Isolation and culture of adult mouse and rat cardiomyocytes.

Primary adult ventricular cardiomyocytes were isolated from Sprague-Dawley rats (200–224 g) or adult mice by a modified method (53). Briefly, after anesthesia with i.p. injection of Pentobarbital Sodium (Med-Pharmex, catalog NDC:54925-045-10) (0.15 mg/g of body weight), beating hearts were quickly removed from the chests and mounted onto a Langendorff perfusion apparatus. All perfusates were maintained at 37°C, and the hearts were first perfused with buffer containing 118 mM NaCl, 4.8 mM KCl, 1.2 mM KH₂PO₄, 1.2 mM MgSO₄·7H₂O, 11 mM glucose, 25 mM HEPES (pH 7.4), followed by the buffer supplemented with 0.2 mM Ca²⁺, 80 U/mL collagenase II (Worthington). After 20–30 minutes of digestion, the heart was taken down from the Langendorff perfusion system, and the aorta, atria, and connective tissue were removed.
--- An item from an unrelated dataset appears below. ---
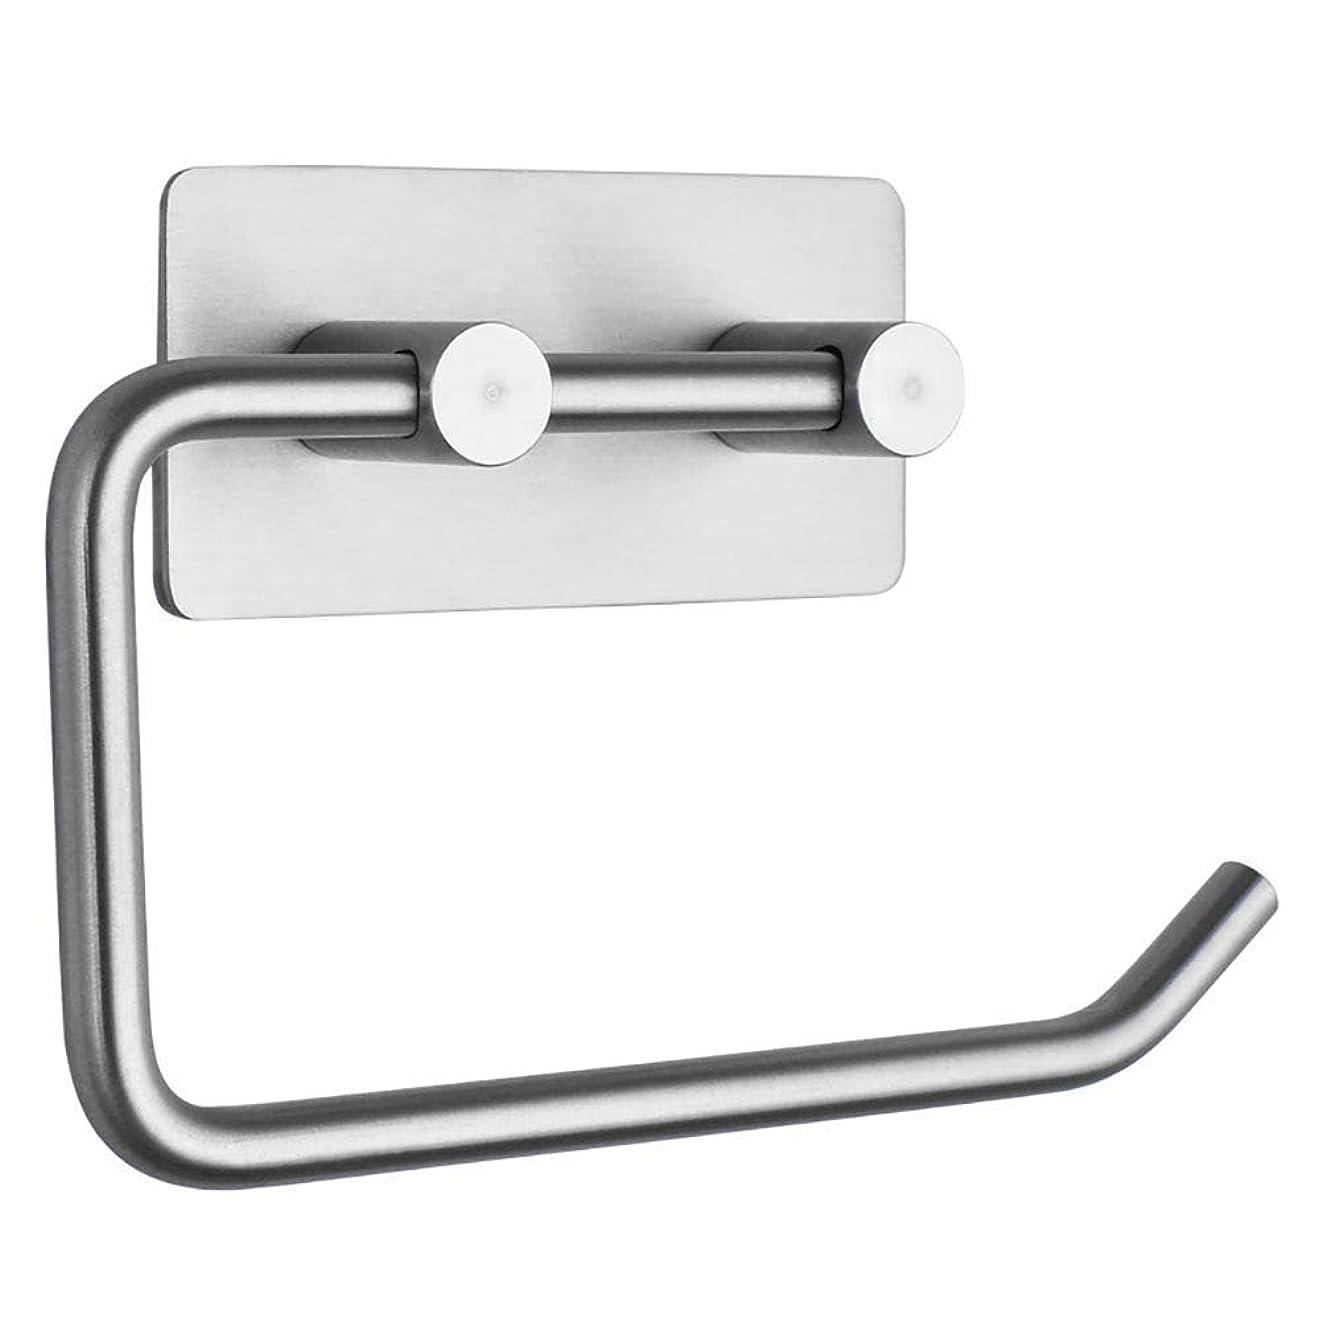 哲学代わりのアーサーコナンドイルトイレットペーパーホルダーブラシニッケルは、304のステンレス鋼のトイレットペーパーロールホルダーハンガーなし掘削ウォールは浴室台所用マウント CT55CT (Size : StyleB)

The digested ventricles were cut into small pieces (1–2 mm²) and combined with enzyme buffer to shake in 37°C water bath for several minutes. The cell suspension was centrifuged at low speed (50g) for 30 seconds, and rod-shaped adult cardiomyocytes were collected and plated at a density of 5 × 10⁴ per well in laminin-coated 6-well plates. The primary rat cardiomyocytes were cultured in M199 (MilliporeSigma, M2520) supplemented with 10 mM glutathione, 26.2 mM sodium bicarbonate, 0.02% BSA, and 1% penicillin/streptomycin (Sigma-Aldrich). The primary mouse cardiomyocytes were directly lysed by RIPA buffer (50 mM Tris, 150 mM NaCl, 1% Triton X-100, 0.1% SDS, 1 mM EDTA) for immunoblot assay.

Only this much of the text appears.